Paper Monitor
A service highlighting the riches of the daily press.
This Paper Monitor will be free of the e-word.
It used to be diverting to feature on these pages the words of wisdom uttered by the page three "stunnas" in the popular "News in Briefs" section.
But the Sun has now taken it too far by consciously taking the mickey, with its beauty outlining the three basic laws of economics.
Today Hollie, 22, from Manchester, says: "As guru Adam Smith wrote in his seminal The Wealth of Nations, they are: a free economy, free marketing and laissez-faire government."
Boooooo.
Elsewhere in the Sun, there is something amusing.
"Fury as 4ft penis grabbed by police".
A wise old sage once told Paper Monitor that some stories just write themselves and you shouldn't interfere too much.

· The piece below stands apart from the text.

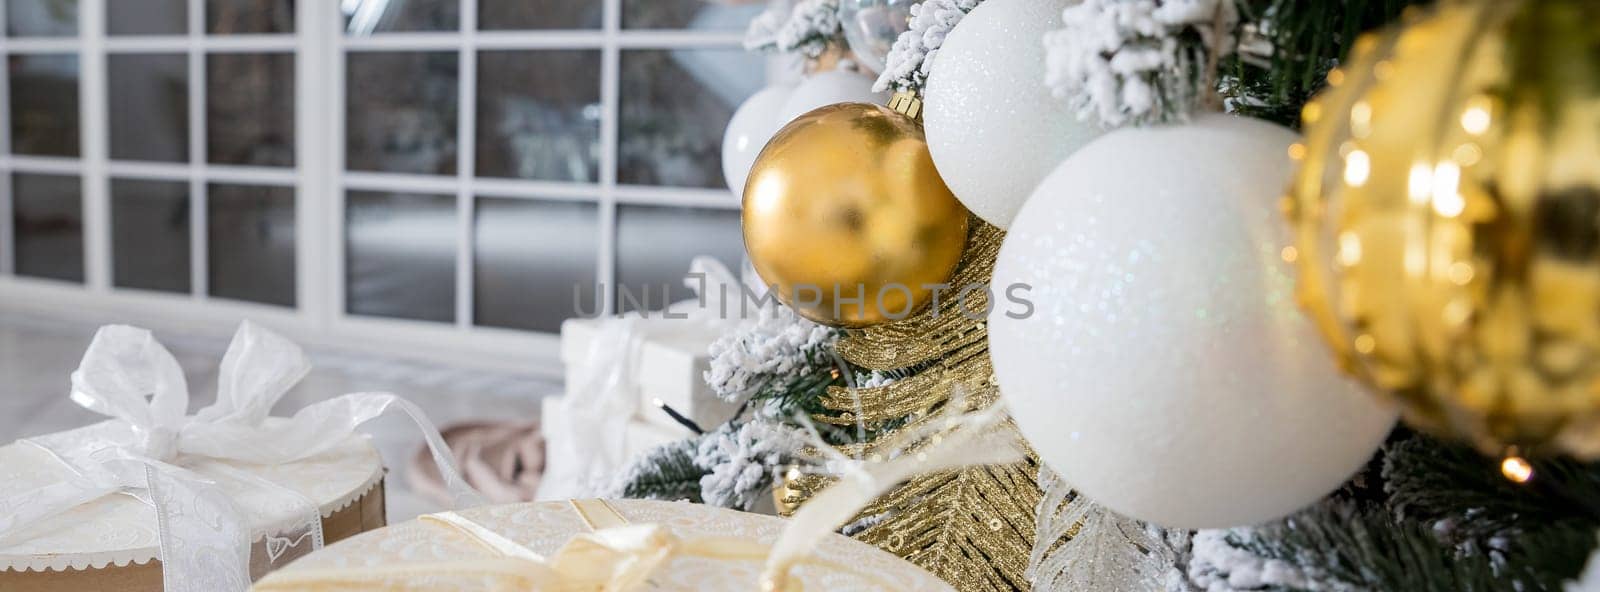 Christmas background. Christmas boarder with fir tree branch with cones and ornament. Christmas baubles in golden and red colour.

A garden centre boss had a 4ft stone penis statue seized by police after displaying it in a shop window. It was apparently a work of art from Indonesia.
The man refuses to pay the fine and has started a "Free Willy" campaign.

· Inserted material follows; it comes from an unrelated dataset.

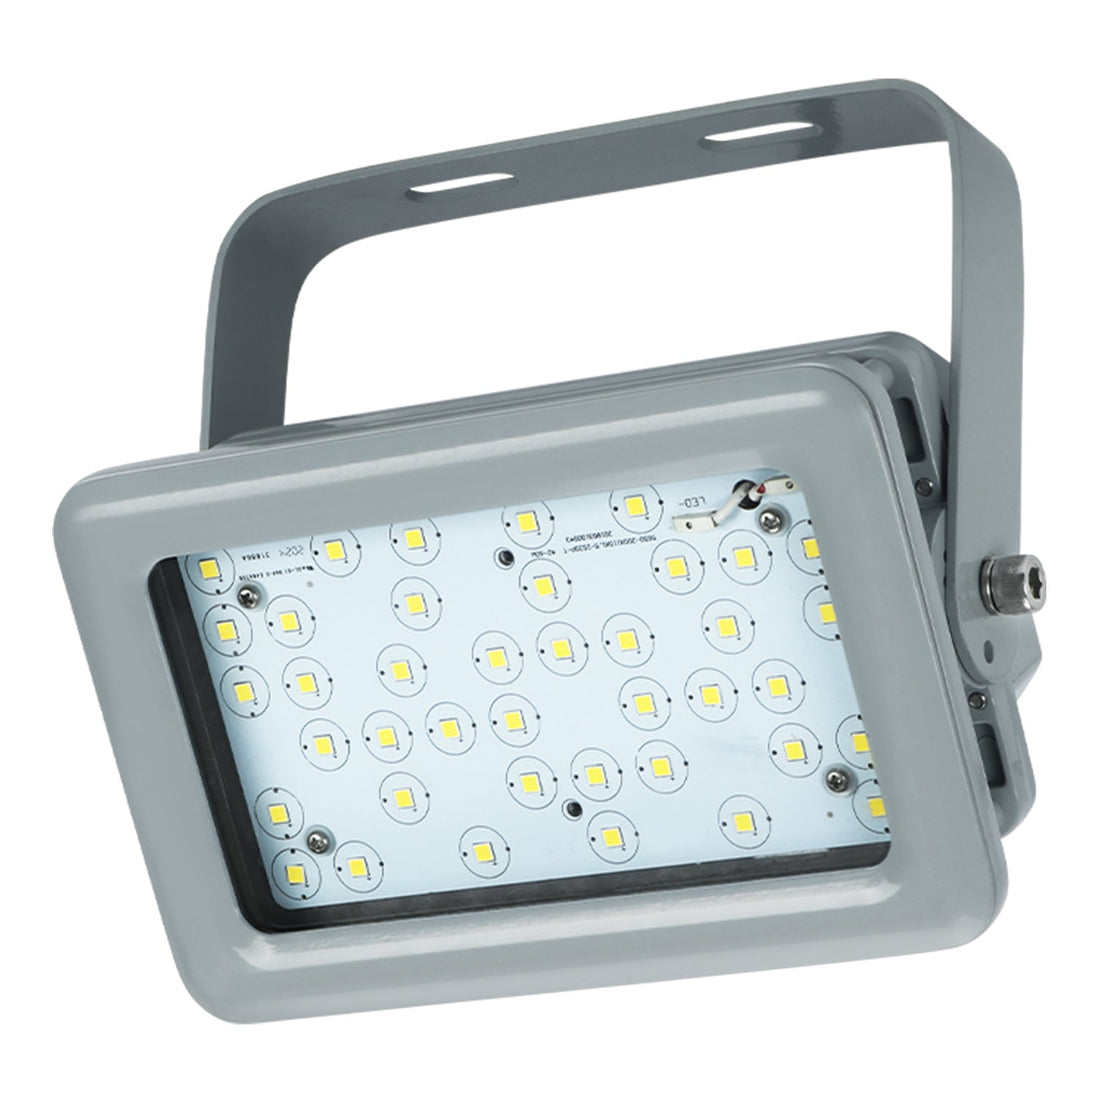 Powerful and Safe Lighting Solution for Hazardous Environments: 300W LED Explosion-Proof Lighting - Dimmable, 5000K, 42000LM, IP66 Rated, Ideal for Oil &amp; Gas Refineries, Drilling Rigs, Petrochemical Facilities

So we go from tabloid good to tabloid bad.
Never mind "Broken Britain" are the nation's punning sport headlines in terminal decline.
The Daily Mirror has "DREAM IN ROOINS" on the front after Manchester United were knocked out of the Champions League. Wayne Rooney may have also re-injured himself.
It's "ROOINED" in the Daily Star.
But Paper Monitor noted the Mirror giving this pun an outing a week ago when Rooney was first injured.
And a quick check of the Lexis Nexis database reveals this pun is as old as the hills. It first got an outing in 2005. The Sunday Mirror also used the formulation "DREAM IN RUINS" in 2006.
Stop it.
Now.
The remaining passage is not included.